First, Business and Economy… Structures of Class, Law, Race, Rights and the Places where Dreams are Powerful

This year’s reading group has parallel, but connected routes: one in which we travel First Class: featuring dreamy (but complicated) depictions and constructs of glamour/luxury, rest and leisure, and another in which we get down to basics with texts that cut directly into problematic European derived issues of inequality. We’re going to read imaginative worlds (Monstress, Pleasure Palace, Deluxe Dreams) as beacons to help motivate or guide or as a space of reflection; as spaces to help digest the histories that we have inherited. Then, we have a fast-as-the-speed-of-thought connection to make: More Brilliant than the Sun is Eshun Kodwo’s machine of Sonic Fictions: a book activating the work of composers, producers and DJs whose music “comes from the Outer Side…arrives from the future…[and] is characterised by an extreme indifference to the human.” Because “Human is a pointless and treacherous category” our focus here are the Futurhythmachines of “music’s internal emigrants”. Denise Ferreira da Silva’s book Unpayable Debt is not really the last leg of our journey, rather it’s a U-turn. We have to retrace our steps because we forgot a bunch of important stuff. It’s not the kind of stuff we need, in fact, it’s the stuff (CAPITALISMMMM aka the apparatus of Law and economics) that split us into normalised separate categories of (legal and illegal) travellers in the first place.

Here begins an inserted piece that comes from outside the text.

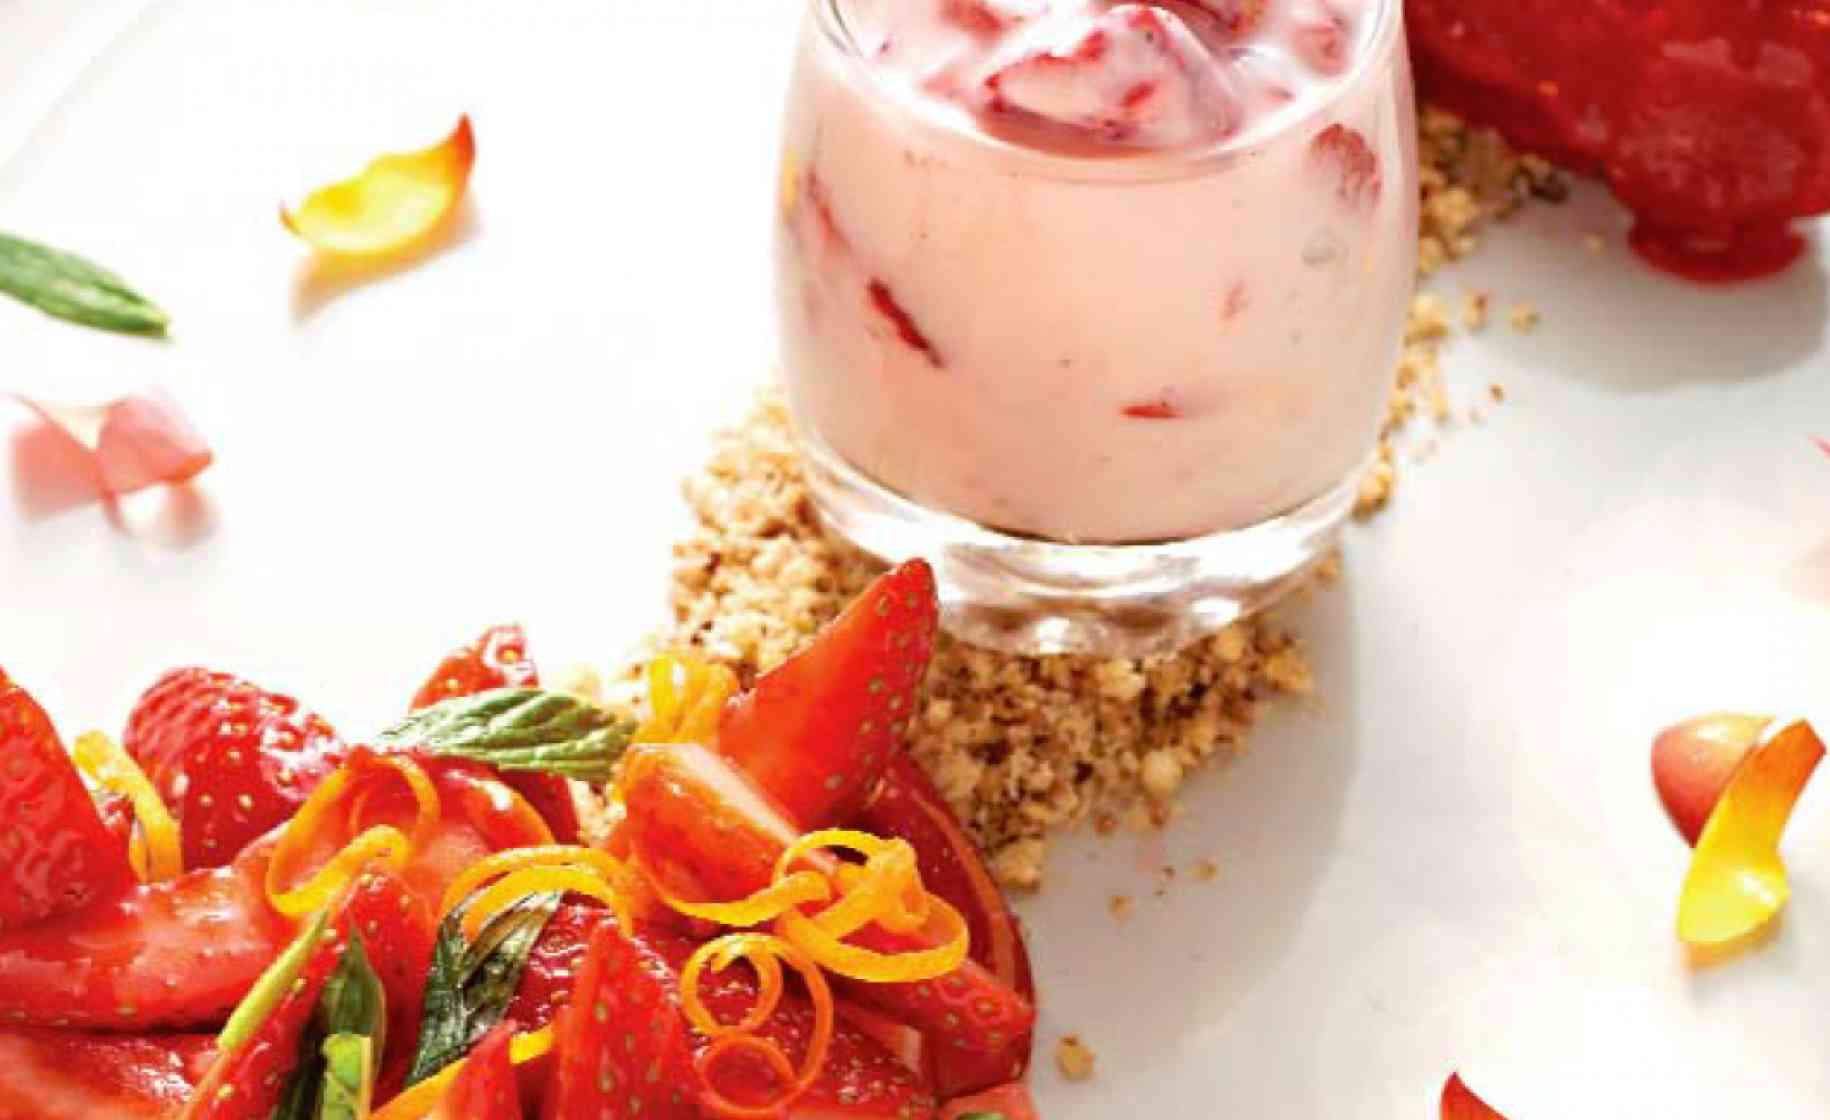 strawberry tasting plate

Jay Tan is an artist and educator who grew up watching a lot of TV in South London. They completed their MFA at the Piet Zwart Institute in 2010 and were a 2014/15 resident at the Rijksakademie. Based in Rotterdam, they make decorative sculptural and video installations heavy in domestic mechanics. This might mean dressing up model racing cars or bejewelling cavities. They teach in the Rietveld Academie Fine Arts Dept and the Masters of Artistic Research at KABK. They have shown work at the CACC Paris, Ujazdowski Castle, Centre for Contemporary Art, Warsaw, Ellen de Bruijne projects and Gallerie van Gelder, Amsterdam, Futura, Prague, Kunstverein, Amsterdam, Vleeshal, Middleburg, the CAC, Vilnius, Museum Boijmans Van Beuningen, Rotterdam, Hollybush Gardens London, Tent and Kunstinstituut Melly (Formerly Witte de With), Rotterdam and RongWrong, Amsterdam.